The discussions with Ritcey were not and never could be confidential. The officers who refused to participate did so because their comments would be public record with their names attached to their comments. The officers feared retribution. I know this because many at the time told me so. Where you got the idea that their comments would be confidential, I don't know. I know that you have never looked through the report, otherwise you would have seen comments and attributions.

Here's what one officer posted anonymously to the web (spelling errors kept intact):

"The Mayor seems to think that Dr. Ritchey's study of the police department was confidential when he met with officers in order to obtain his data. Obviously the Mayor and the City Mangager have noline of communication. All information that was obtained by Dr. Ritchey from the officers who met with him is considered public record. Turner met with officers at the FOP lodge prior to Dr. Ritchey meeting with officers. He stated that all information provided to Dr. Ritchey is public record. Next thing the mayor fails to inform the public on is who actually met with Dr. Ritchey. Out of the thirty or so people that met with him only about seven officers met with him. The rest were employees who were promoted by the Chief. The data obtained is not an accurate assessment of the agency because the officers knew it was considered public record and were scared of retaliation."

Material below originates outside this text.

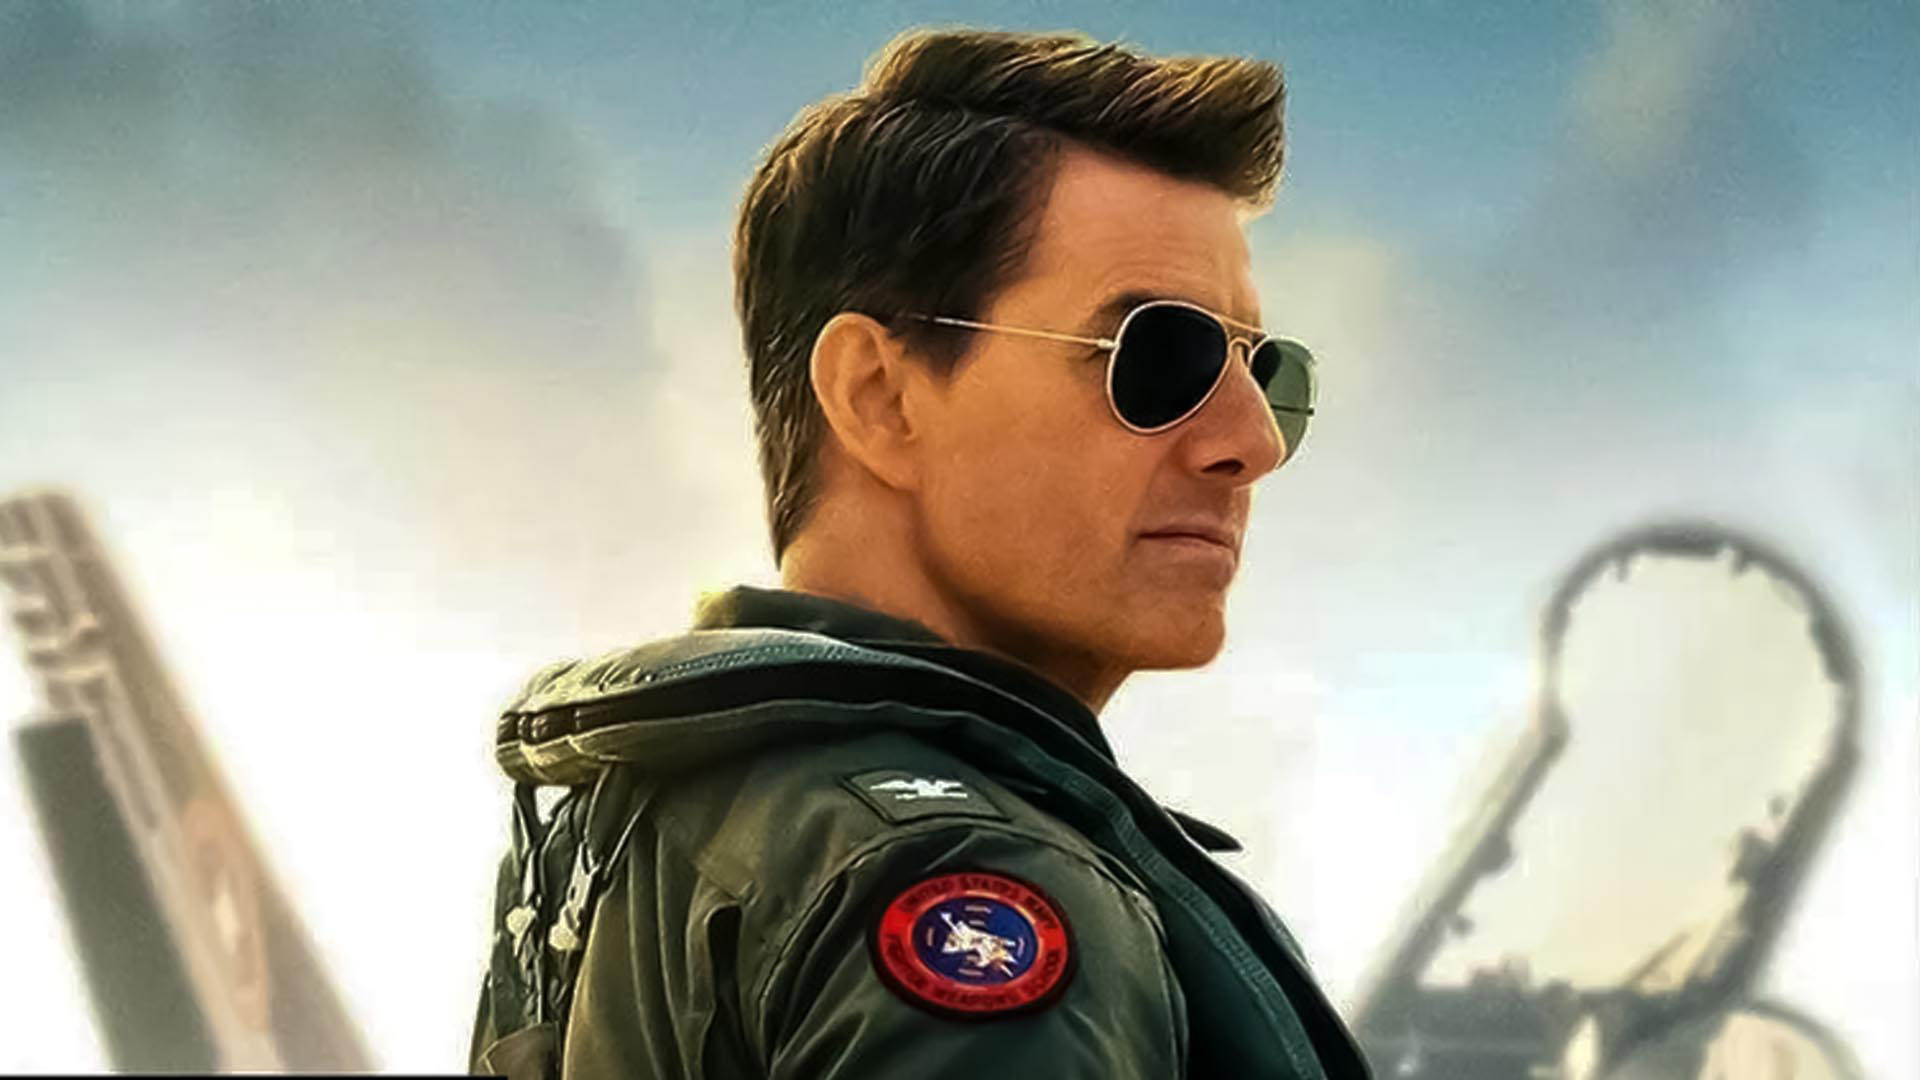 Top Gun: Maverick, starring Tom Cruise, has become the highest grossing film of 2022 so far after surpassing one billion dollars at the global box office. Tom Cruise's latest action film is also the most successful in terms of box office revenue of his entire career. Maverick has already made $1.006 billion (£813 million) since its release a month ago, according to Variety. Previously, the biggest film of the year was the Marvel sequel Doctor Strange in the Multiverse of Madness, which raked in $947m (£772m).  Cruise's biggest hit to date was Mission: Impossible - Fallout in 2018, which made $792 million worldwide. Maverick has been well received by critics following its release. In particular, Cruise's performance and the film's aerial stunt work have been praised. In addition to Cruise, Miles Teller, Jon Hamm, Jennifer Connelly, Glen Powell, Ed Harris and Val Kilmer appear in the film. As a result of his appearance in the film, Kilmer shared a touching message with Cruise earlier this month. Cruise has previously mentioned his reunion with Kilmer. When asked how it turned out, Cruise said: It was lovely. The whole experience, you know, 36 years to make this film.

The department winning accreditation -- FYI: this was on the back of much work done under previous chief, Jim Hanks. It was under Hanks early takeover of the department from ousted Chief Joe Slapp that the department initially lost its accreditation.

It should be noted that Chief Williams found obtaining accreditation impossible to do under the department's own steam, however, and a full-time outside consultant was brought in. I met him and spoke with him once. Cop from another jurisdiction in Florida. I have no idea how much it ended up costing the city.